Investment in renewables in the UK is expected to drop by 96% by 2020/21.
Total investment in domestic energy efficiency declined from £1.5 billion to £0.7 billion in 2015 and the number of energy efficiency measures installed in homes fell by 80% in the same period.
That’s due to current energy policies, according to environmental groups.
In a report, six groups including Green Alliance, RSPB, WWF and Greenpeace are calling for new investment in low carbon projects in the government’s next Autumn Statement.
The organisations also warn plans to build a third runway at Heathrow Airport will lock the UK into high carbon growth.
The groups recommend the government to allocate an additional £2 billion funding to support low carbon power post 2020 and funding to scale up low carbon heat technologies.
They also suggest to continue to support people in buying ultra low emission vehicles beyond 2018 and develop a nationwide network of publicly accessible low carbon charging points.
They believe if the government backs clean technologies, the renewables industry could attract £47 billion in new investment from 2021 to 2026 and retrofitting the UK’s housing stock to improve its energy efficiency could unlock £73 billion and support 86,000 jobs a year.

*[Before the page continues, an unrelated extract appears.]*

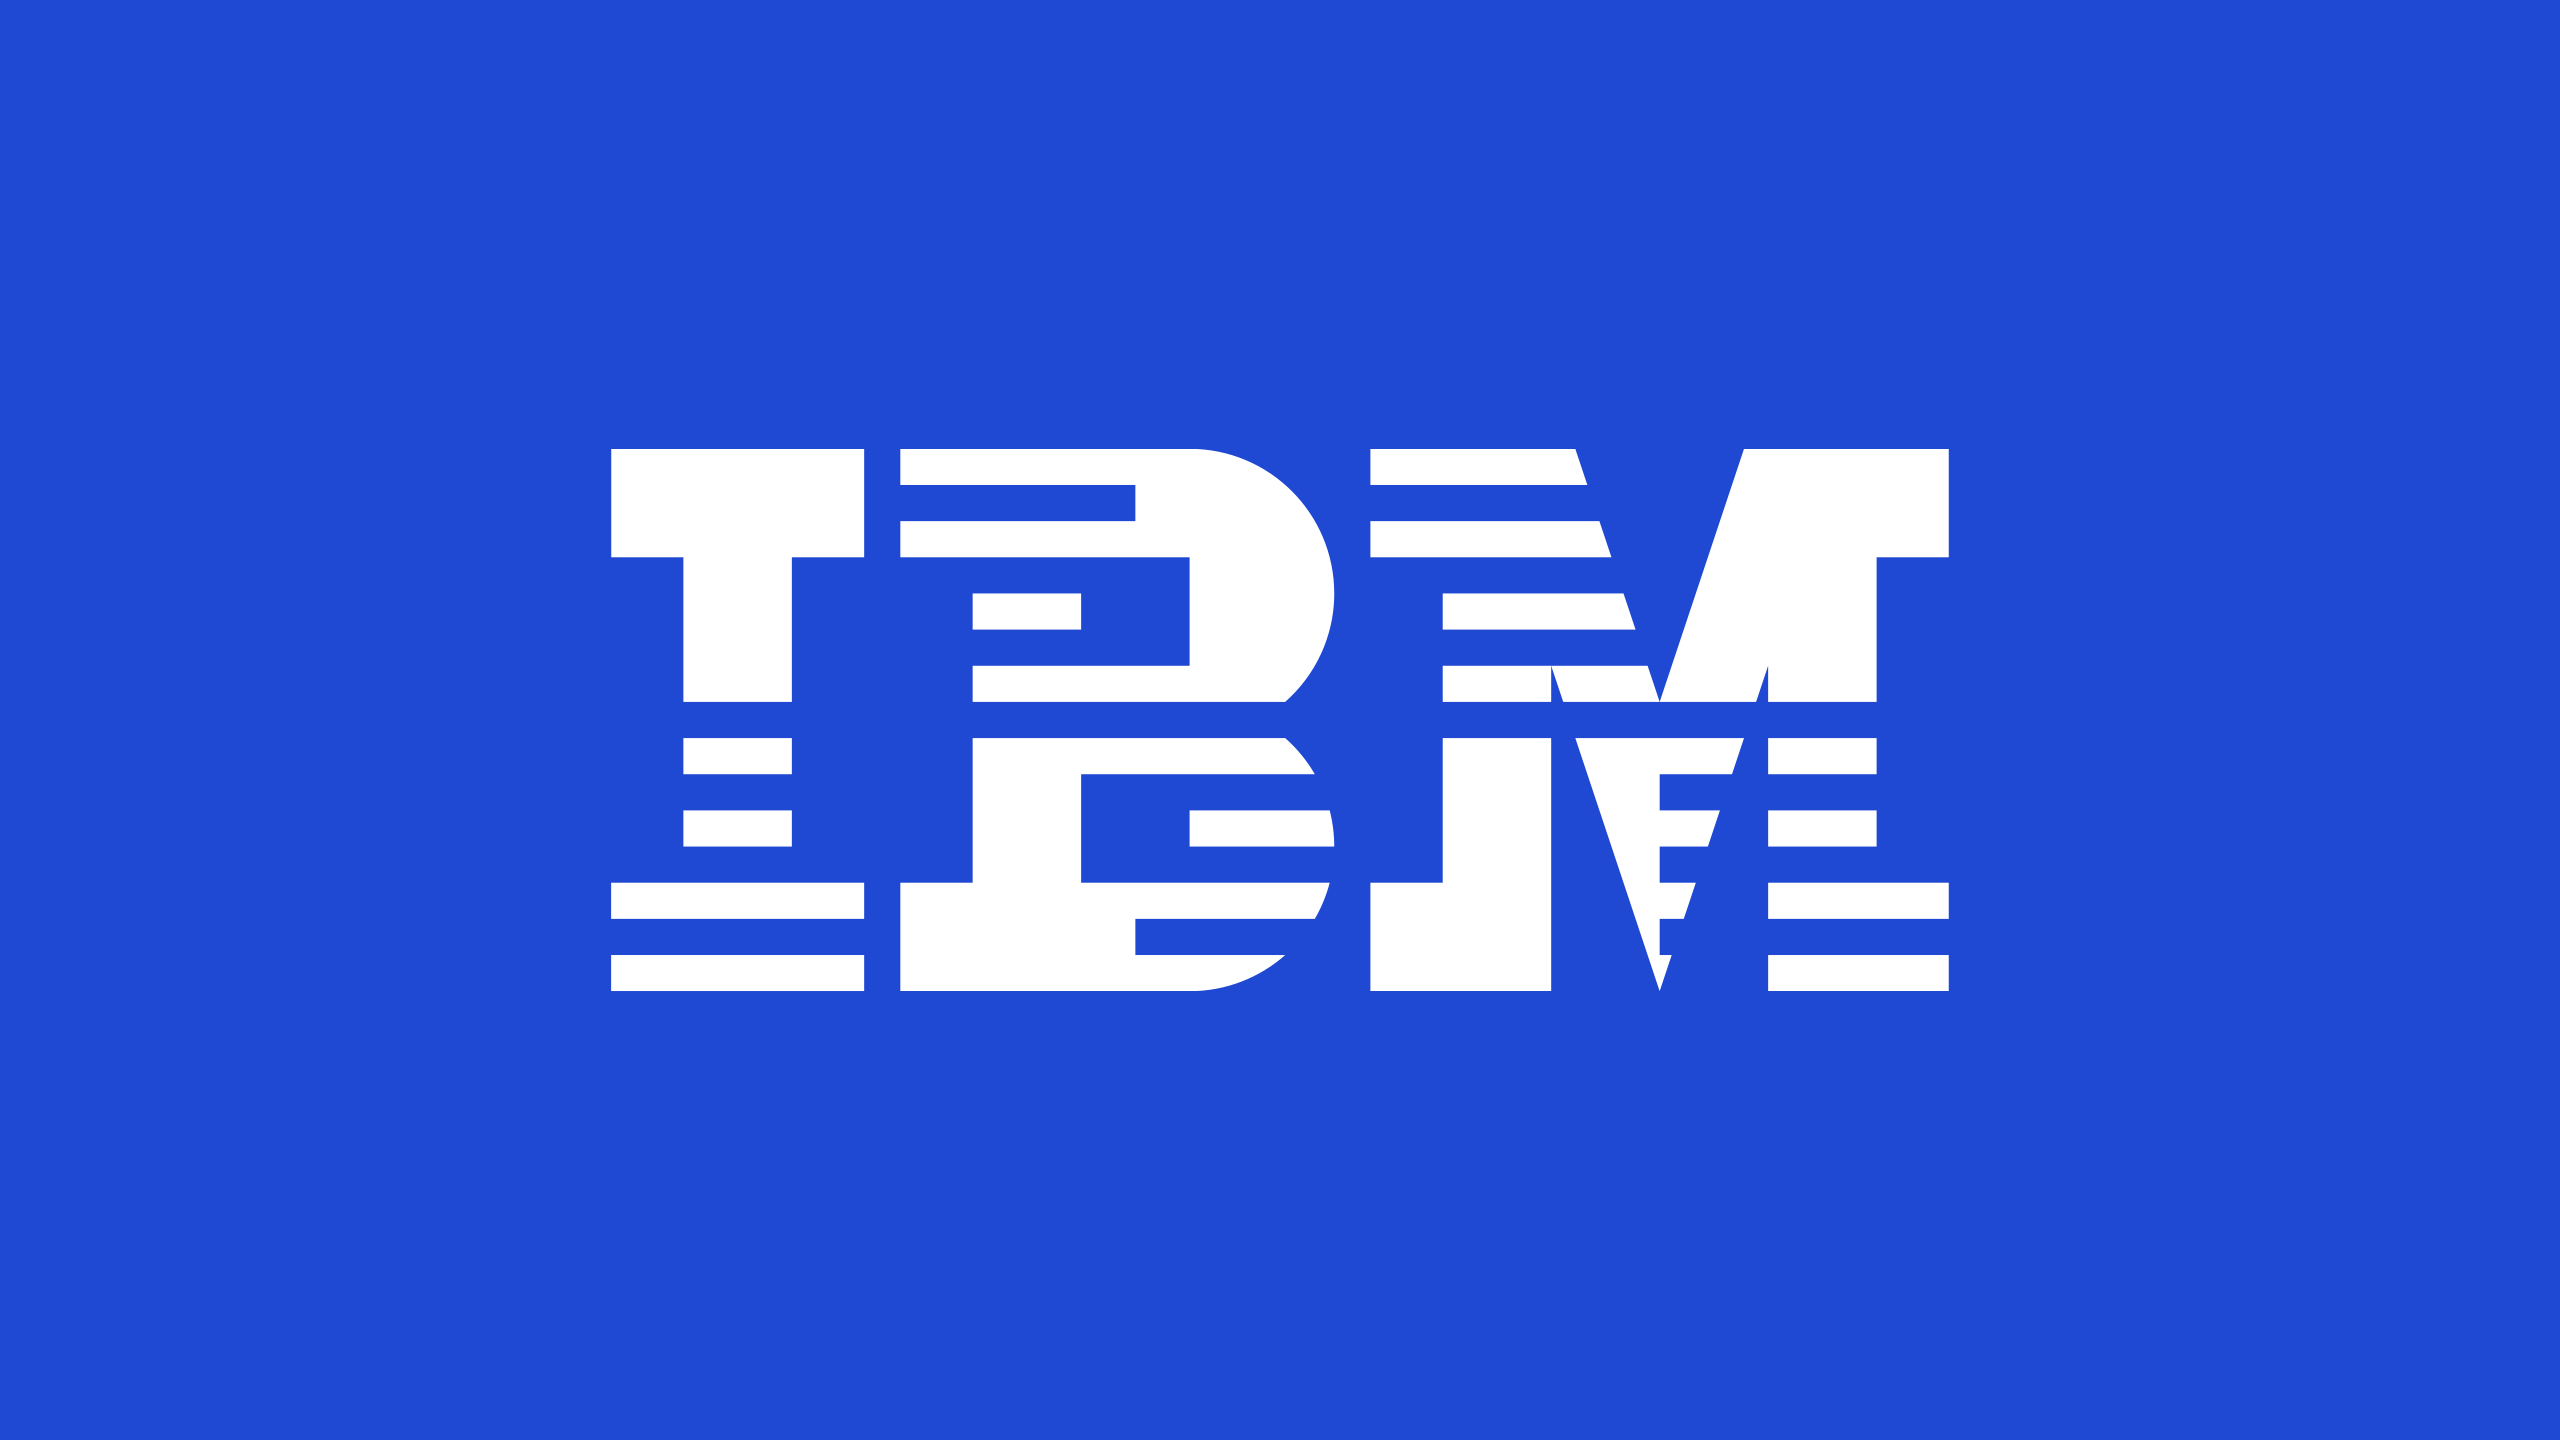 IBM → 4x4
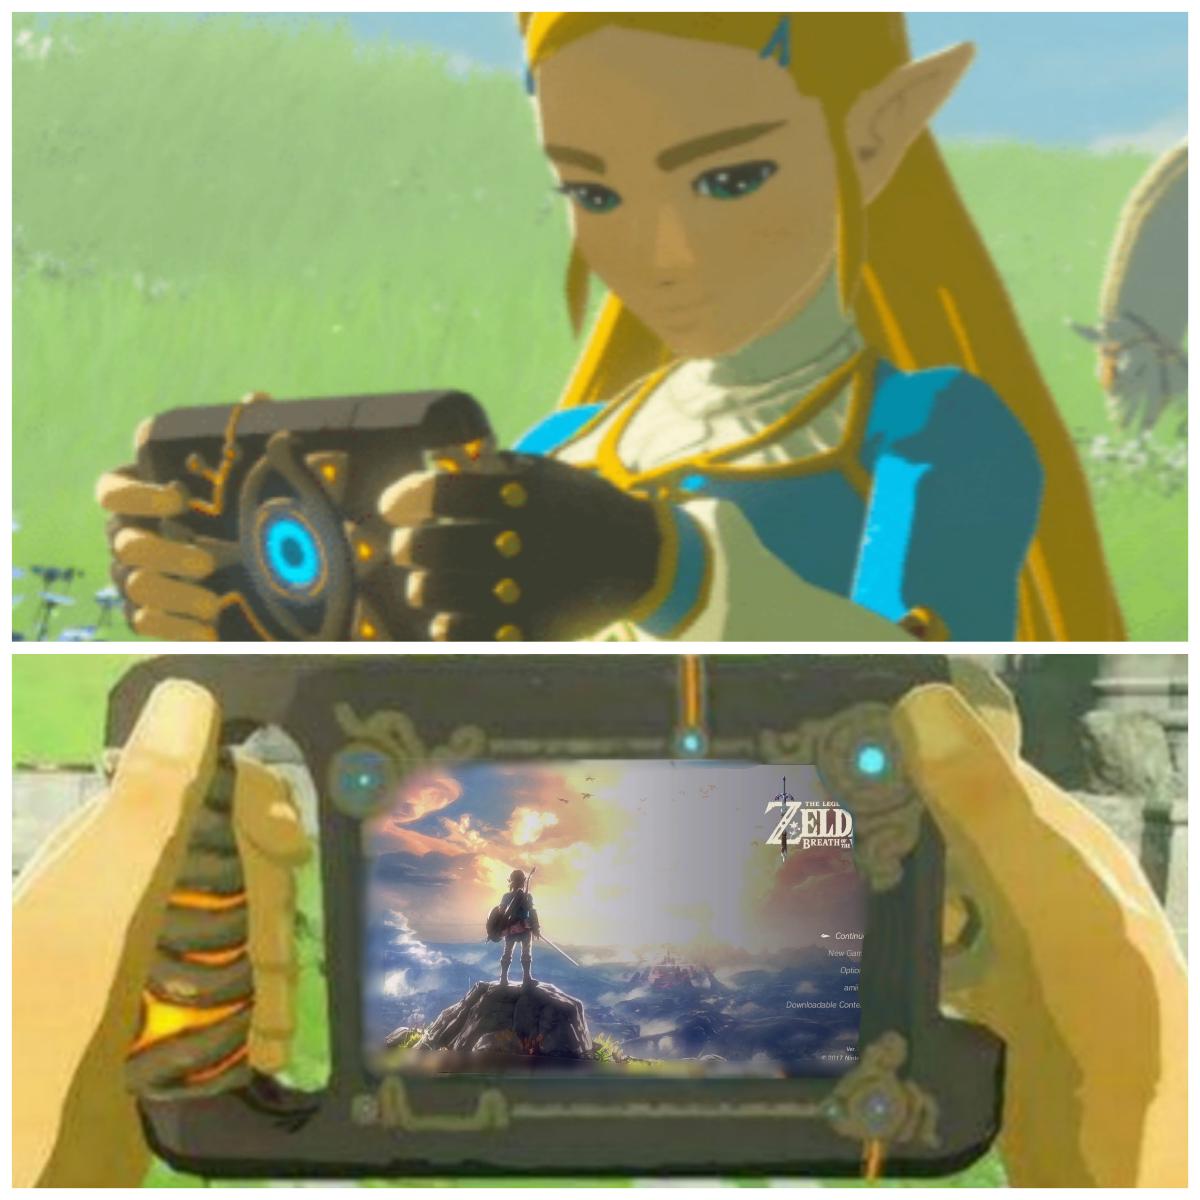 Zelda Is A Boy And You Play As Him Visit Blazezelda Tumblr Com Game Pictures Zelda Art Legend Of Zelda Breath

Furthermore, new investment in skills and infrastructure for EV and autonomous vehicles could benefit the country with £51 billion a year and 320,000 new jobs by 2030.
Leah Davis, Acting Director at Green Alliance said: “The Autumn Statement is an ideal opportunity for the government to show it is serious about action at home, providing much needed fiscal support for low carbon power, heat and transport.”
According to the IEA, nations across the globe need to invest an extra $23 trillion (£19.8tn) in energy efficiency.